His best bowling figures (innings and match) came against Canterbury in 1921–22, when he took 7 for 45 and 3 for 47; he also top-scored in Wellington's first innings. He hit his highest score, 141, against Otago in 1930–31, then scored 101 in the next match, against Canterbury.

==International career==
In the 1929–30 season, when the MCC side under Harold Gilligan played the first Tests against New Zealand, McGirr played in only the third and fourth Tests, both at Eden Park, Auckland. The third Test was ruined by rain; McGirr did not bat and, opening the bowling, took no wickets. The fourth, arranged hastily to compensate for the washout, fared little better in terms of weather, but McGirr scored a half-century and took his only Test wicket, that of Stan Nichols.

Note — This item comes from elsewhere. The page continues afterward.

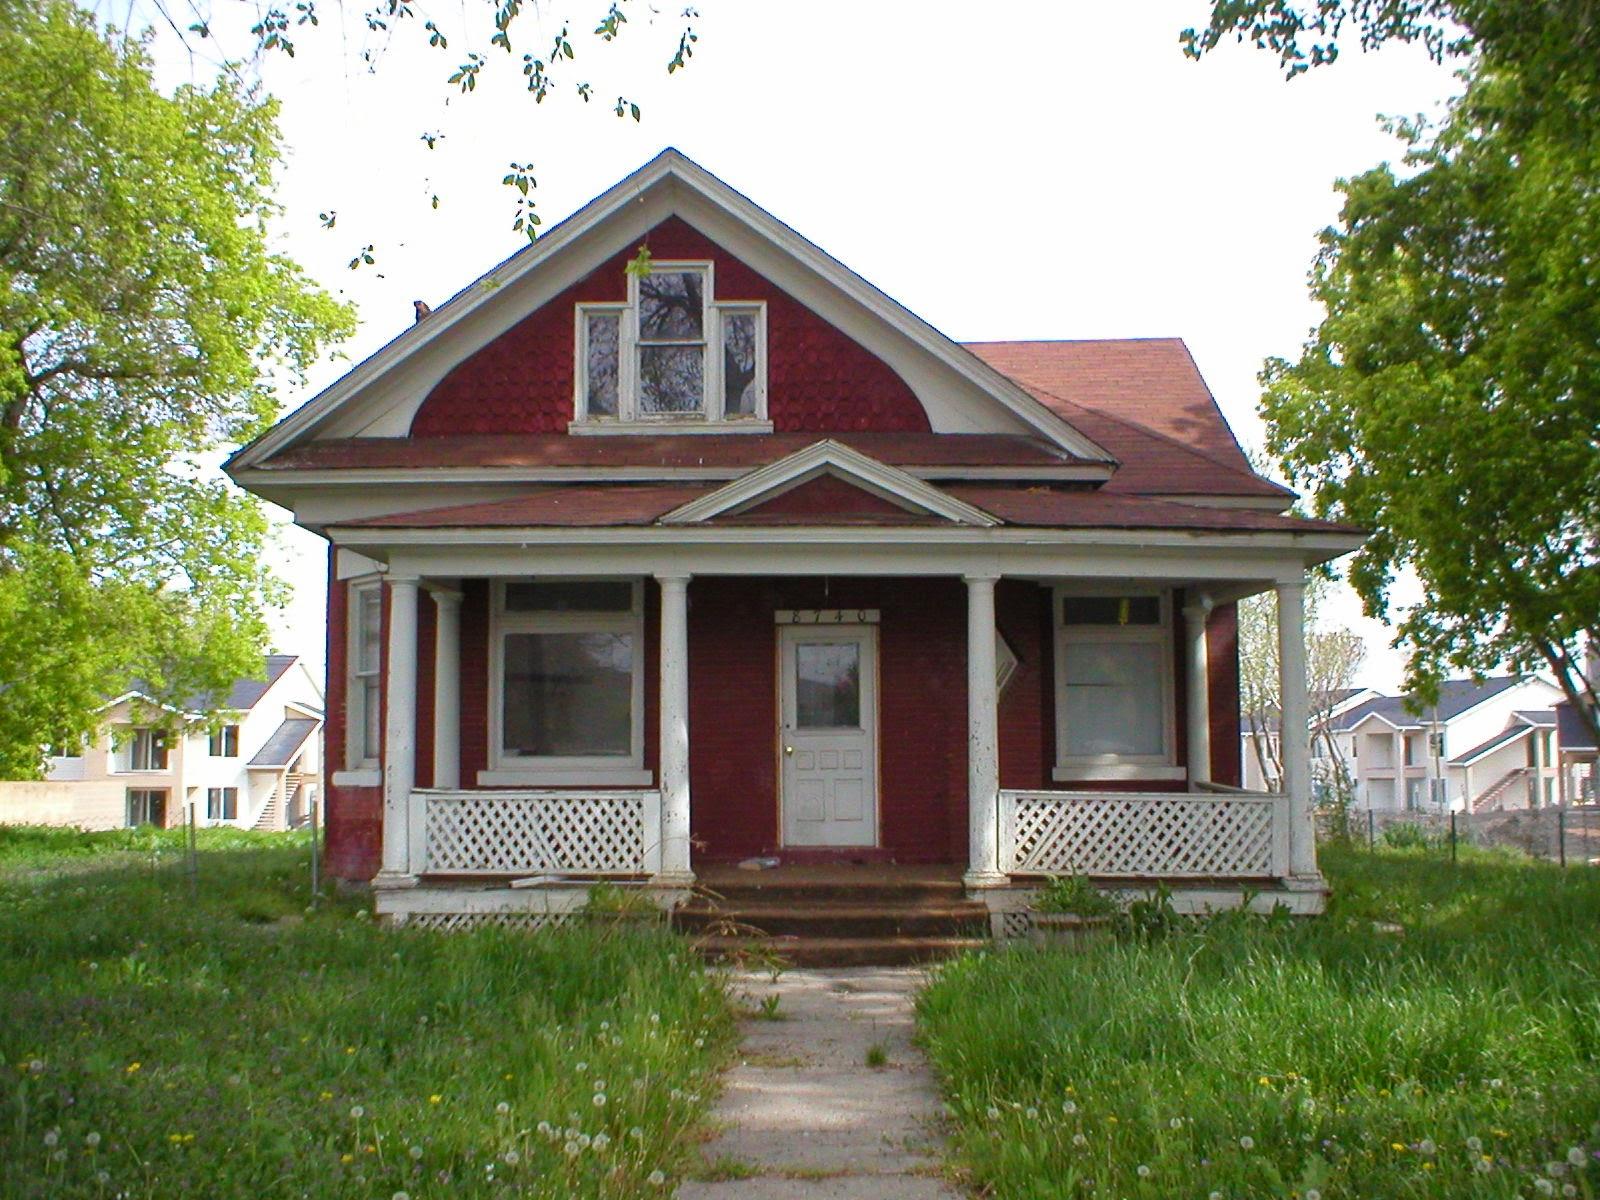 A Primer On Craigslist Housing Scams Modern Mormon Men

He holds the Test match record for the fewest runs (51) in a complete career to include a half-century. He also holds the record as the oldest New Zealand player to make his Test debut: 38 years and 101 days.

==Late career==
Despite suffering severely from varicose veins for much of his career, McGirr "was always looking at his captain and waiting to be given the ball because he always felt he could take a wicket". "The day was never too hot, nor the score too high, for Herb McGirr to want to bowl."

He was later the cricket coach at Nelson College. McGirr's obituary in Wisden in 1965 records that he played club cricket until he was 67, and gave up then only because "he slipped when taking in the milk" the day after scoring 70. He died at Nelson in 1964.